Yelp Insider Sale: CFO Disposes 10,000 Shares, Retains 170,196
Rhea-AI Filing Summary
Yelp Inc. (YELP) insider sale reported by CFO David A. Schwarzbach. The filing discloses that on 09/15/2025 the reporting person sold 10,000 shares of Yelp common stock under a pre-existing 10b5-1 trading plan adopted on 08/29/2024. The weighted-average sale price for those shares was $31.2441, with individual trade prices ranging from $31.06 to $31.40. After the disposition the reporting person beneficially owns 170,196 shares directly. The sales were executed pursuant to the 10b5-1 plan; detailed per-trade quantities at each price are available upon request from the SEC, the issuer, or a security holder.
Positive
- Sale executed under a 10b5-1 trading plan adopted on 08/29/2024, indicating pre-planned compliance with insider-trading rules.
- Complete disclosure of weighted-average price ($31.2441) and price range ($31.06–$31.40) for the sold shares.
Negative
- Insider disposition of 10,000 shares, which could be viewed negatively by some investors despite being pre-planned.
- Filing does not list per-trade quantities at each price; SEC staff or stakeholders must request full execution details if needed.
Insights
TL;DR: CFO sold 10,000 shares under a pre-established 10b5-1 plan; remaining direct holding is 170,196 shares.
The transaction is a routine insider disposition executed under a 10b5-1 trading plan, which provides an affirmative defense against insider trading claims when properly adopted and followed. The weighted-average sale price of $31.2441 reflects multiple executions between $31.06 and $31.40. From a market-impact perspective, the size (10,000 shares) should be evaluated relative to daily volume and outstanding float, which are not provided in this filing. No purchases or derivative activity were reported.
TL;DR: Sale appears compliant with governance best practices due to use of an established 10b5-1 plan.

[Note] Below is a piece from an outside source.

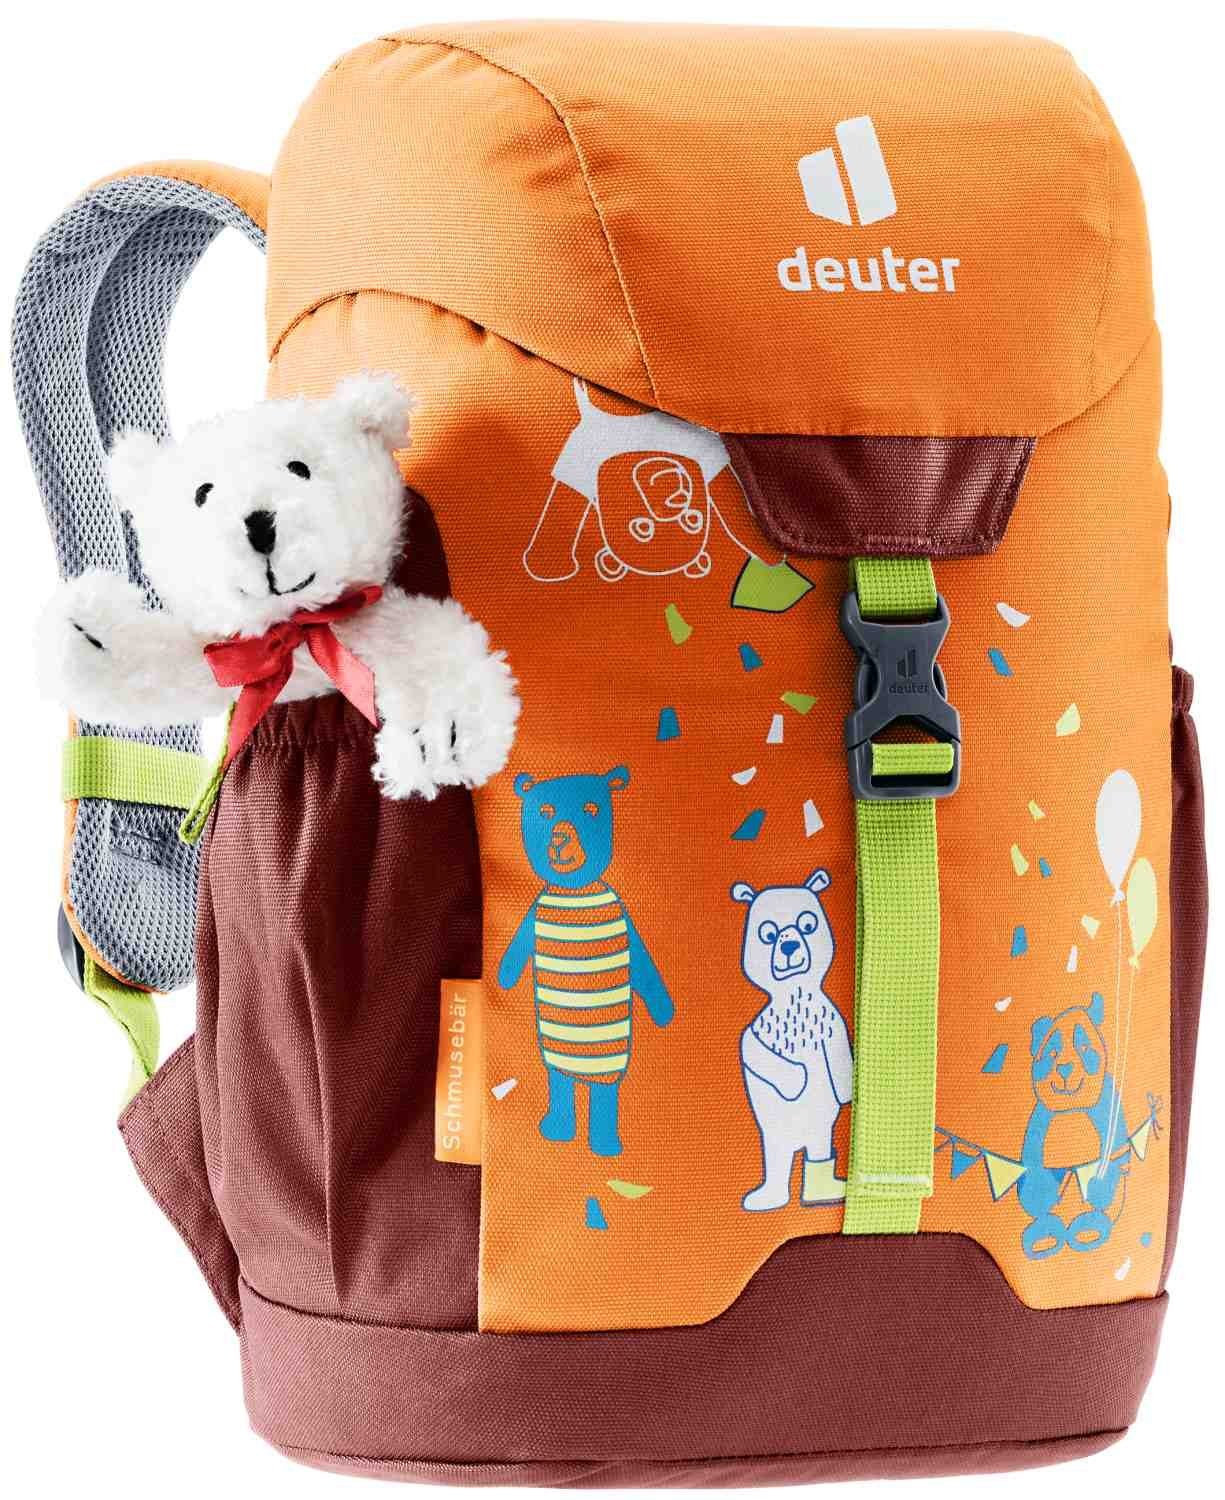 deuter deuter Babystiefel Kinderrucksack mandarine-redwood Schmusebär mit Teddybär
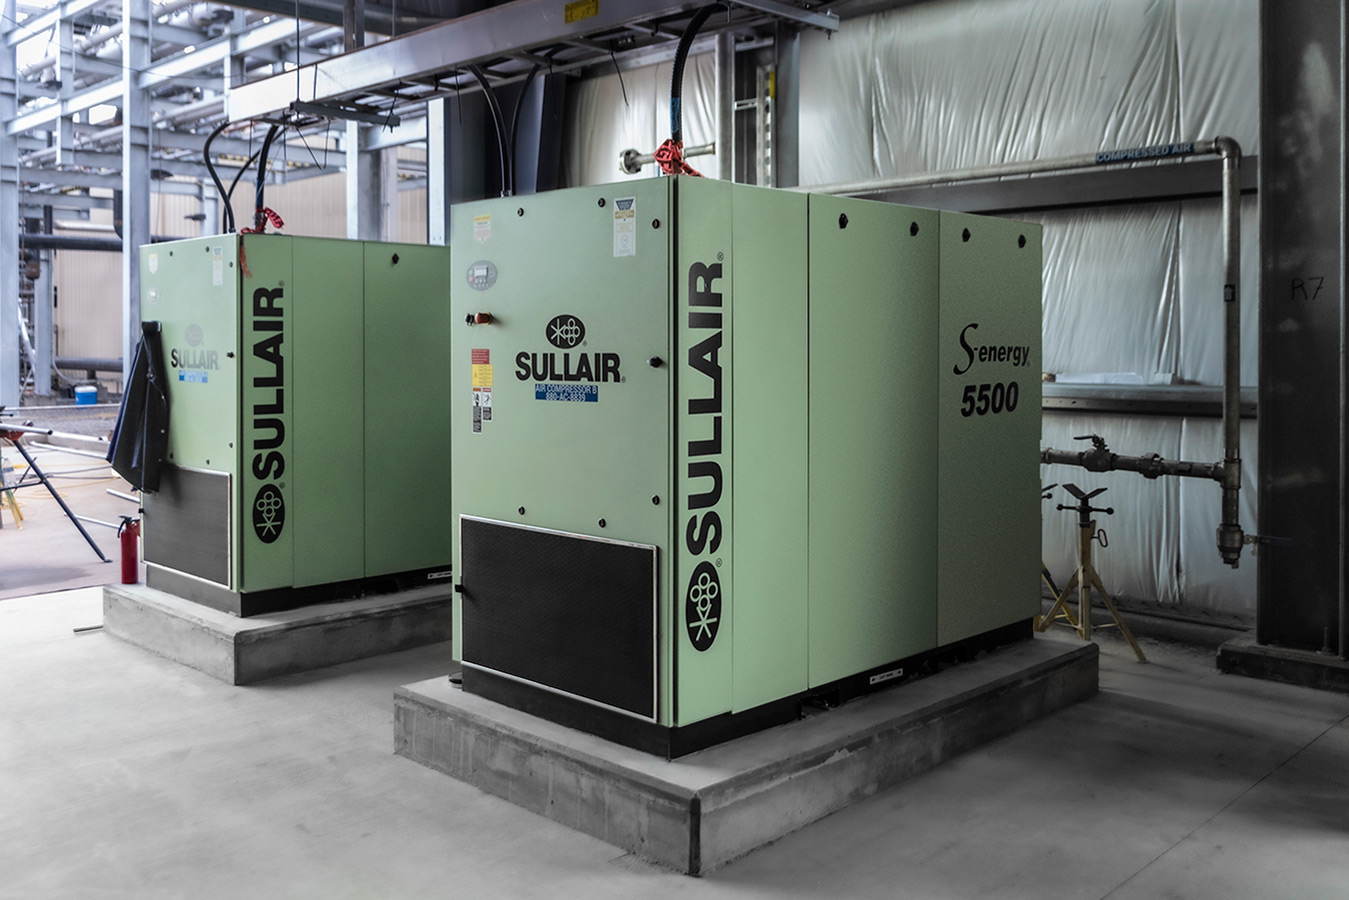 Instalación de un compresor de aire industrial S-energy 5500 de Sullair

The filing discloses the plan adoption date (08/29/2024) and identifies the sale date (09/15/2025), consistent with disclosed trading-plan execution. The report is signed by an attorney-in-fact on 09/16/2025. There is no indication in this Form 4 of amendments, option exercises, or related-party transfers. Materiality is limited to the disclosed sale and remaining direct ownership of 170,196 shares.